SDI Limited shareholders voted overwhelmingly in favour of a $1.40 per share acquisition scheme by InnoXvest Dental, setting the stage for court approval and delisting.
- Scheme meeting held virtually on June 22, 2026
- Board unanimously recommends the acquisition scheme
- Proxy votes show 98.37% support for the scheme
- Court approval scheduled for June 24, 2026
- Implementation timetable targets ASX delisting by early July
Strong Shareholder Backing for Acquisition Scheme
SDI Limited’s virtual Scheme Meeting on June 22, 2026, saw shareholders decisively back the proposed acquisition by InnoXvest Dental Pty Ltd, a wholly owned subsidiary of the bidder. The scheme offers SDI shareholders A$1.40 per share in cash, a premium price that the board unanimously supports. Proxy voting tallied 98.37% of votes in favour, with only 0.58% against and 1.05% abstaining, reflecting broad shareholder confidence in the deal.
Board and Expert Endorsements Reinforce Transaction
The SDI board, led by Managing Director Samantha Cheetham and chaired at the meeting by non-executive director Cameron Allen, confirmed no superior proposal has emerged. The directors have committed to voting their shares in favour of the scheme. An independent expert, RSM Corporate Australia, has also deemed the scheme fair and reasonable, reinforcing the board’s recommendation in the absence of a better offer.
Conditions and Next Steps Towards Completion
The scheme remains conditional on shareholder approval, which was secured at the meeting, and court approval expected at the New South Wales Supreme Court on June 24, 2026. Subject to these conditions, the timetable envisages the effective date on June 25, a record date on June 26, and implementation by July 6, culminating in SDI’s removal from the ASX official list on July 7. Should the scheme not proceed, SDI will continue as a standalone ASX-listed entity.

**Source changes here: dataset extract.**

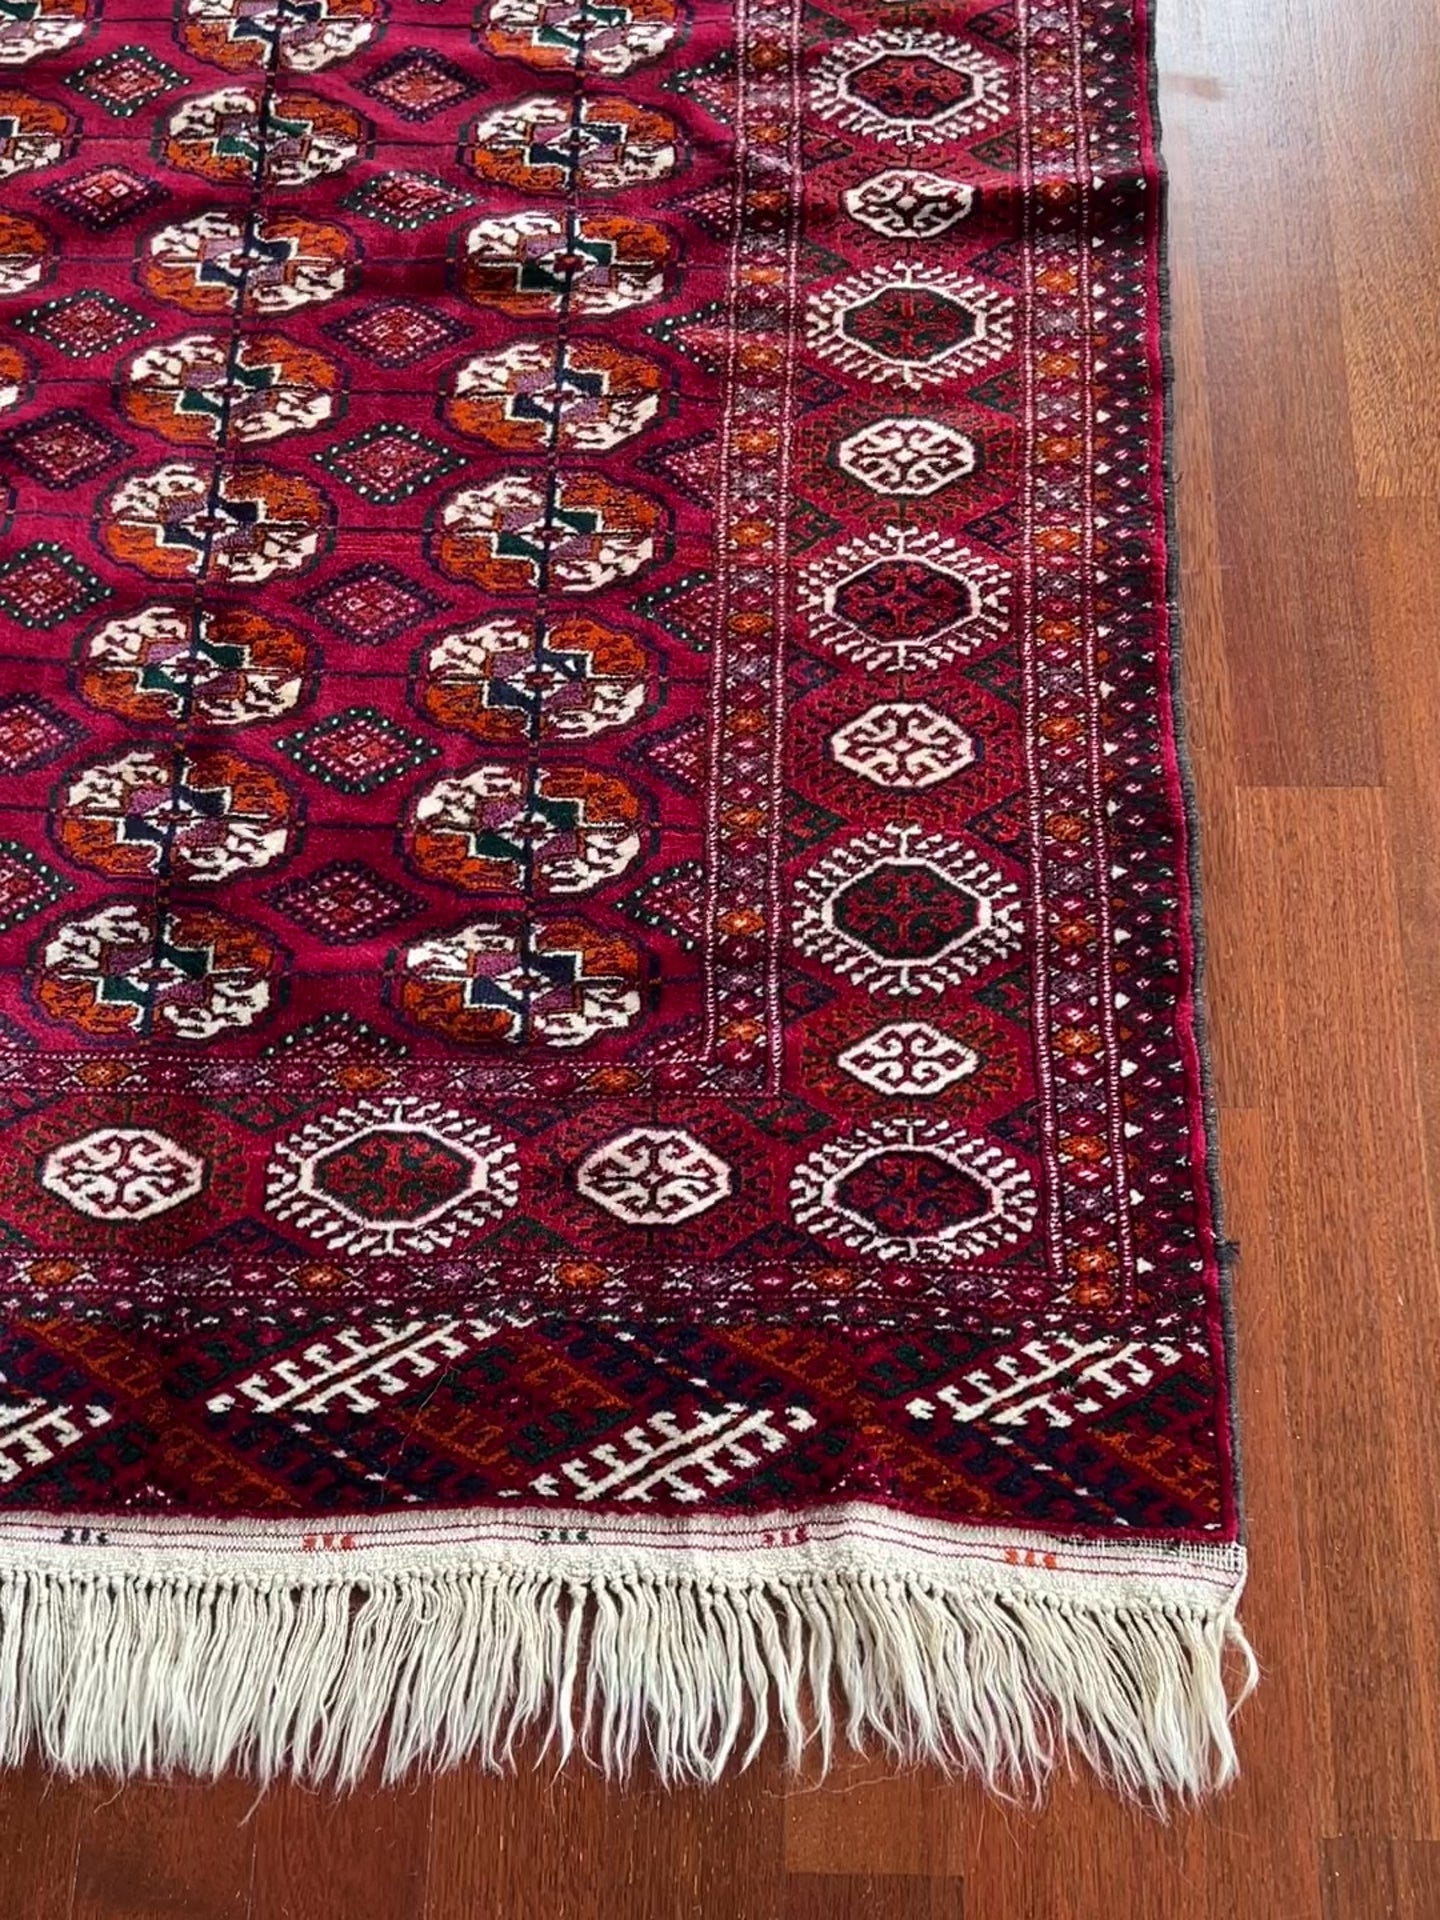 Small Bukhara Turkmen Rug shop san francisco bay area oriental rug berkeley buy rug palo alto online rug shopping california ontario canada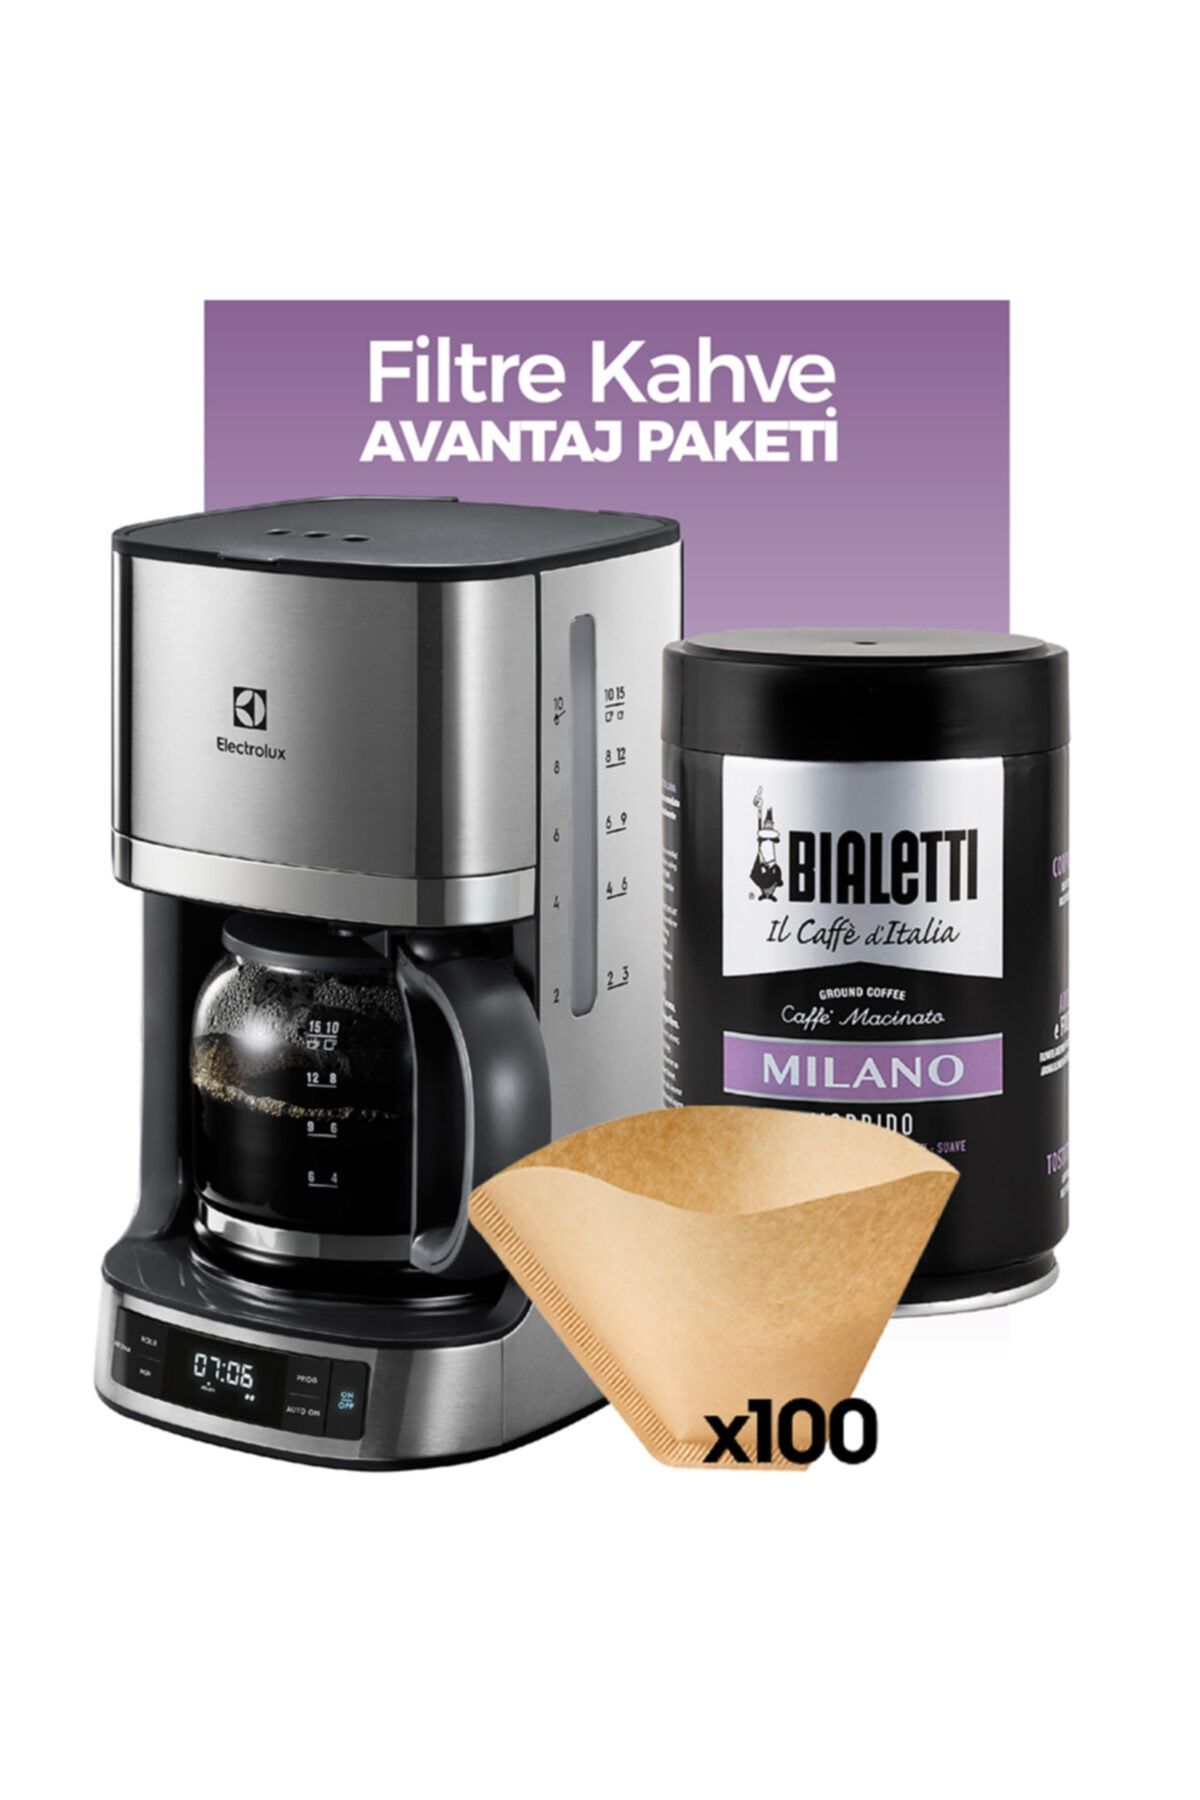 Electrolux Ekf7700 Filtre Kahve Makinesi + 250 Gr Bialetti Roma Kahve + 100'lü Filtre Avantaj Paketi

Meeting Logistics and Shareholder Engagement
The meeting was conducted entirely online, with detailed procedural guidance provided for voting and questions. Shareholders could adjust votes until the poll’s close, and the chair exercised undirected proxies in favour of the scheme. Legal and financial advisors from DLA Piper and Houlihan Lokey were present to support the process. The orderly conduct of the meeting and the absence of significant opposition questions underscored shareholder alignment with the transaction.
Strategic Implications for SDI
The acquisition by a subsidiary of Beijing Guoci, linked to Shandong Sinocera Functional Material Co. Ltd, aims to combine the strengths of SDI and its new owner. This deal follows a period of extensive negotiations and regulatory approvals, including key clearances from Chinese authorities and financing arrangements. The transaction offers a clear exit for shareholders at a premium valuation, marking a significant milestone in SDI’s corporate evolution.
Bottom Line?
With shareholder approval secured, attention now turns to the court’s verdict and the smooth execution of the scheme timetable.
Questions in the middle?
- Will the New South Wales Supreme Court approve the scheme without modifications?
- How will the market react once SDI is officially delisted from the ASX?
- What strategic changes will follow integration with the Sinocera group post-acquisition?